With so many characters and multi-stranded stories to follow, it would have been easy for the viewer to get lost but thankfully the characters are so diverse that this is never a predicament. Unfortunately, there are plot holes aplenty that are often covered up by lazy writing. A continuous occurrence is a character witnessing something bad, only to tell the culprit in vivid detail how they’re not going to get away with it as they’re going to straight to the police. “And there’s nothing you can do about it. What are you going to do? Shoot me?” Duh.

Inspirations from Hollywood films such as The Devil’s Double and True Romance are clearly visible, in addition to Bollywood classics like Khal Nayak and Don (obviously). Inspirations work fine in a film, other than when they are (a) scenes copied action for action or (b) scenes that have inspired so many other films that they’ve become downright clichés. Unfortunately for Aurangzeb, it claims the latter – the Mexican stand-off, the bad-guy-gone-good,…Nirupa Roy. There’s nothing wrong with being inspired, but Sabharwal really should have put his own spin on it if he wanted to go down this path.

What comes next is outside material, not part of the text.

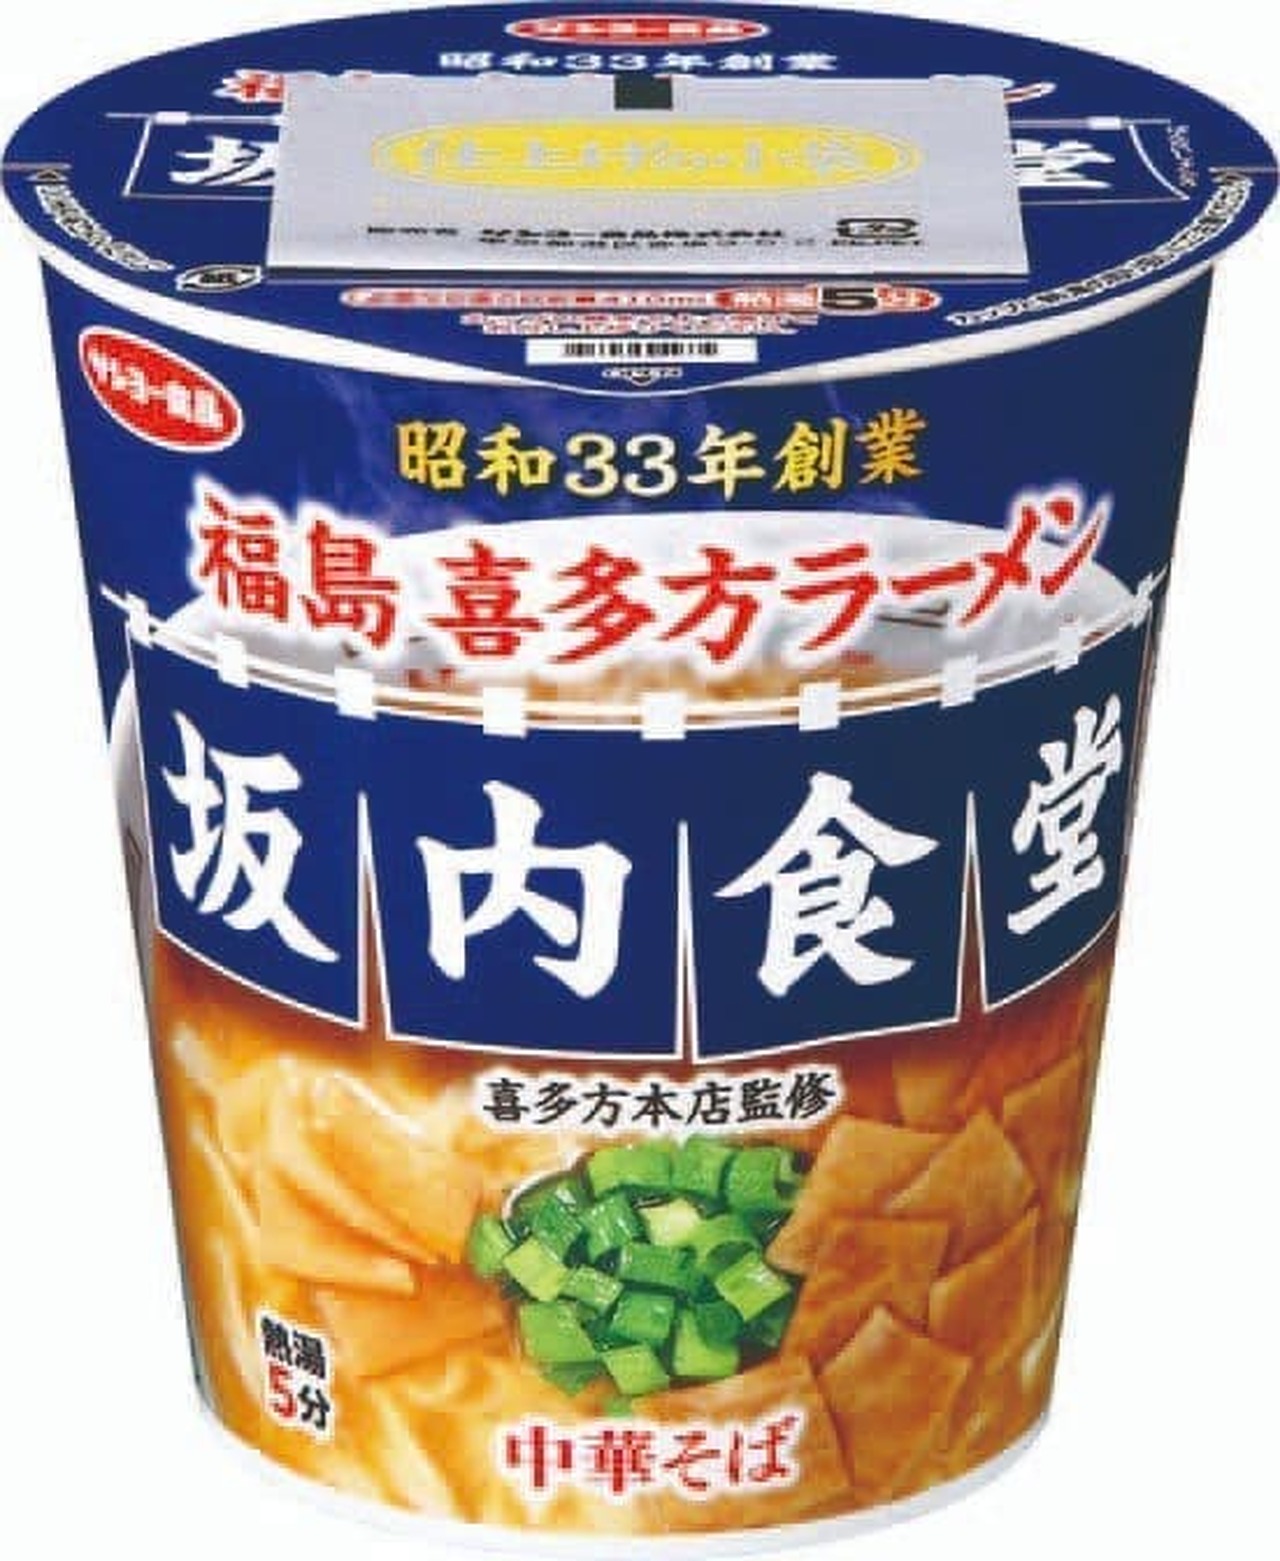 Lawson "Sanyo Foods Bannai Shokudo Kitakata Main Store Supervised Chinese Soba"

With just a little more development, Aurangzeb could have been a masterpiece. It has its heart in the right place with three-dimensional characters you care for, great cinematography, a heap of strong morals relevant to today’s India and a fantastic story where you really don’t know what’s going to happen next. It’s just a real pity that the journey is peppered with idiocy between the genius that is clearly visible here. For his next film, this reviewer implores Sabharwal to forget about box office and what he’s seen in other people’s films, but to follow his own heart – because that’s where Aurangzeb really gets it right.